Не впервые было его явление и никогда еще вреда не наносило.

Не имел Четырехликий формы человеческой или звериной, напоминая отблески солнечных лучей на снежинках ино сосульках. А если приглядеться, то был схож с теми созданиями ангельскими, коих описывал Иезекииль-пророк. Семь или девять окружностей, из них четыре суть подобия ликов человеческих, но с чертами неясными. Остальные, как колеса. И было невнятно, Четырехликий существо единое или же целый сонм чудных тварей.

Когда Максим приносил добычу от промысла лесного, белку или птицу со свернутой головой, Четырехликий, казалось, приближался немного и яснел.

А в те часы, что являлся Четырехликий, начиналось слышаться Максиму, как звенит сам воздух, коим дышишь, словно тот состоит из незримых глазу колокольцев. Из звона рождался Голос. Доносился оный из-под кровли, из-за печки и из кадки, и казалось, говорил на иных дивьих языках. А от Голоса занималось Дрожание, из-за чего весь нехитрый скарб в избенке трепетал трепетанием мелким. Бывало, что и лучина выпадала из светца, а вода в кадушке покрывалась зыбью. Случалось и Касание, словно притрагивались к коже пузыри мыльные. Иногда чудилось приближение теплой, будто женской руки к его шее ино щеке. Поскольку обладало такое Касание приятностью, то Максим страшился дьявольского соблазна.

Однако не торопился Максим изгнать Четырехликого молитвой громкой или крестным знамением. Нечистый он дух или же ангел небесный, это мирскому человеку не ведомо.

Если нечистый, то запросто осатанеет и лютовать начнет. А бороться с бесом лютым только старцу божьему по силам. Келья же Савватия-инока в какой-то сотне шагов отсюда.

Когда вечерело, то будто бы удалялся Четырехликий к жилью старца…

В ночь, что предшествовала погибели вологодской, Максим изрядно замочил бороду в хмельной бузе — той, что снабдили его проезжие молодцы на прошедшей седмице. Верно перепутали с послушником старца Савватия, а Максим отказываться не стал. Келья-то савватиева стояла выше по склону холма и толико зимой была приметна с лесной тропы — по струйке дыма…

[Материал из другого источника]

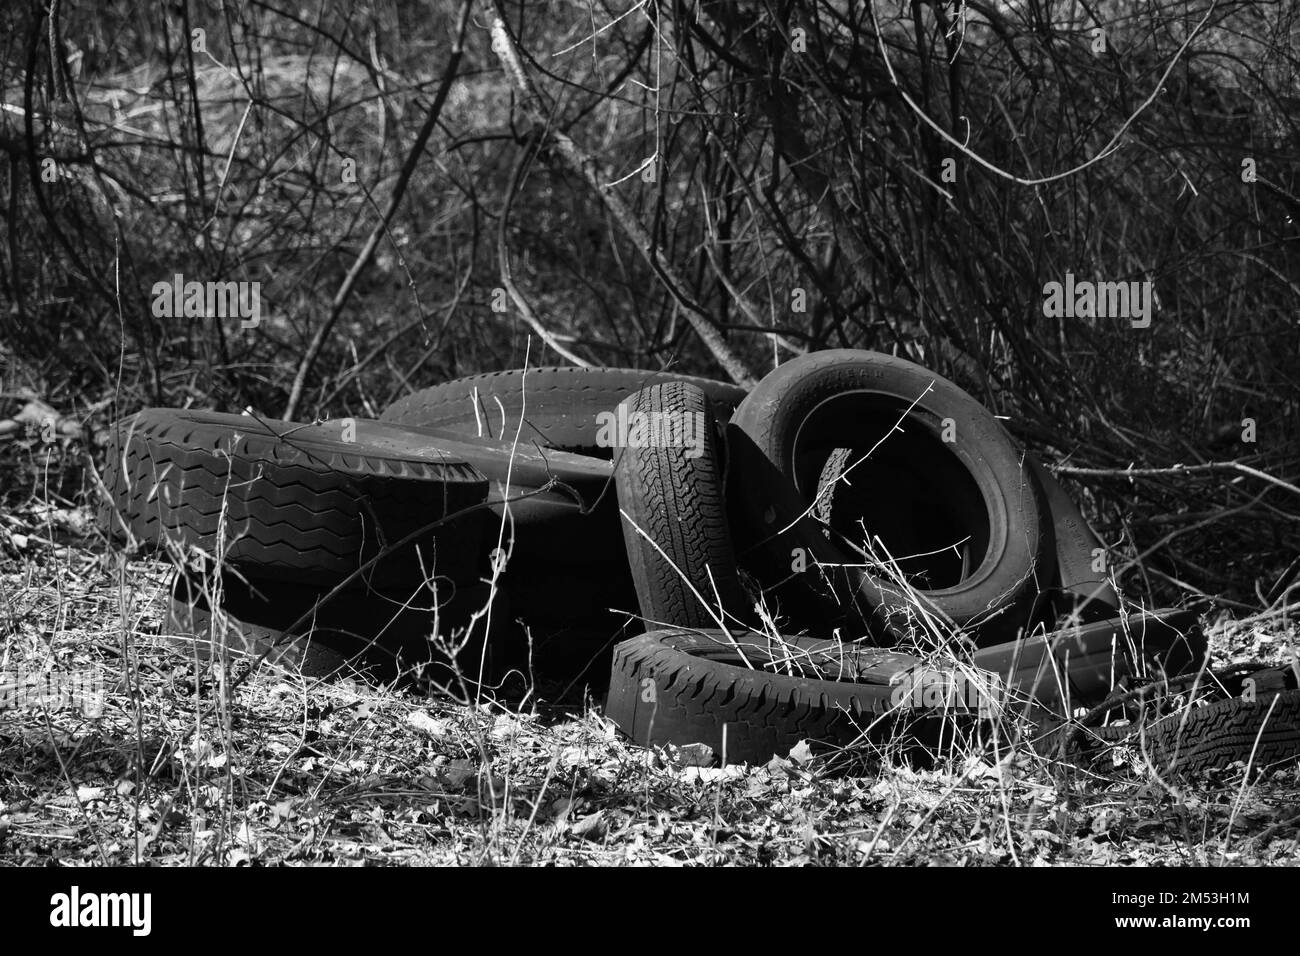 A grayscale shot of rubber tires thrown away in the wilderness Stock Photo

Но сон все равно бесспокойный выдался Максиму. Снилось давнее ратоборство против свейских немцев у Наровы, когда нашим воинством начальствовал князь славный Димитрий Хворостинин. Как из дыма пищального вышел воин чужой, огромный будто валун, с мечом двуручным в руках. Идет немчур, людей словно траву косит. И во сне Максим понял, что не быть ему больше в живых — бежать позорно, а остаться гибельно.

Вот вздымается немцев меч и опускается, неотвратимо, как орудие казни. И ломает клинок Максимов словно хворостину.

Во сне боль не почуялась, однако земля ударила в лицо сырой мглой. И запах земляной ощутился. И гнилость досок гробовых. Холодная земля вползала в гроб, как змей, набивалась в рот, в нос, душила, страшила.

Максим напрягся в усилии великом и, да и проснулся…

И даже лежа на лавке, ясно было, что зима пожаловала. Годы все последние приходили морозы еще до Астафия,[1] и только в этом году дали осени еще неделю. Сподручно оказалось, что ставни на ночь запахнул, однако ж плохо, что неплотно. Холод оглаживал изнежившиеся за лето щеки, и изморозь посверкивала на краю меховой ветоши, коей накрывался Максим — там, где на нее падало его дыхание. Наверное, удушье и прочая дрянь оттого снились, что ветошь набивалась ему в рот…

Вода в кадке у дверей закрылась ледяной коркой, пришлось двинуть ее ковшиком, прежде чем испить. Краюха хлеба вовсе закоченела и на вкус одна мерзлая трава чувствовалась. Там, взаправду, хлеба меньше, чем отрубей, лебеды и мякины. В теплое время такой едой можно еще чрево набить, а в студеное — поистратишь остатнюю силу, чтобы ее переварить. Надобно сегодня ловушки раставить, может, какая птица недогадливая попадется на обед.

А дверь не сразу и отворилась, потому как снег обильно примело к порогу. С натужным скрежетом древних петель Максим вышел вон.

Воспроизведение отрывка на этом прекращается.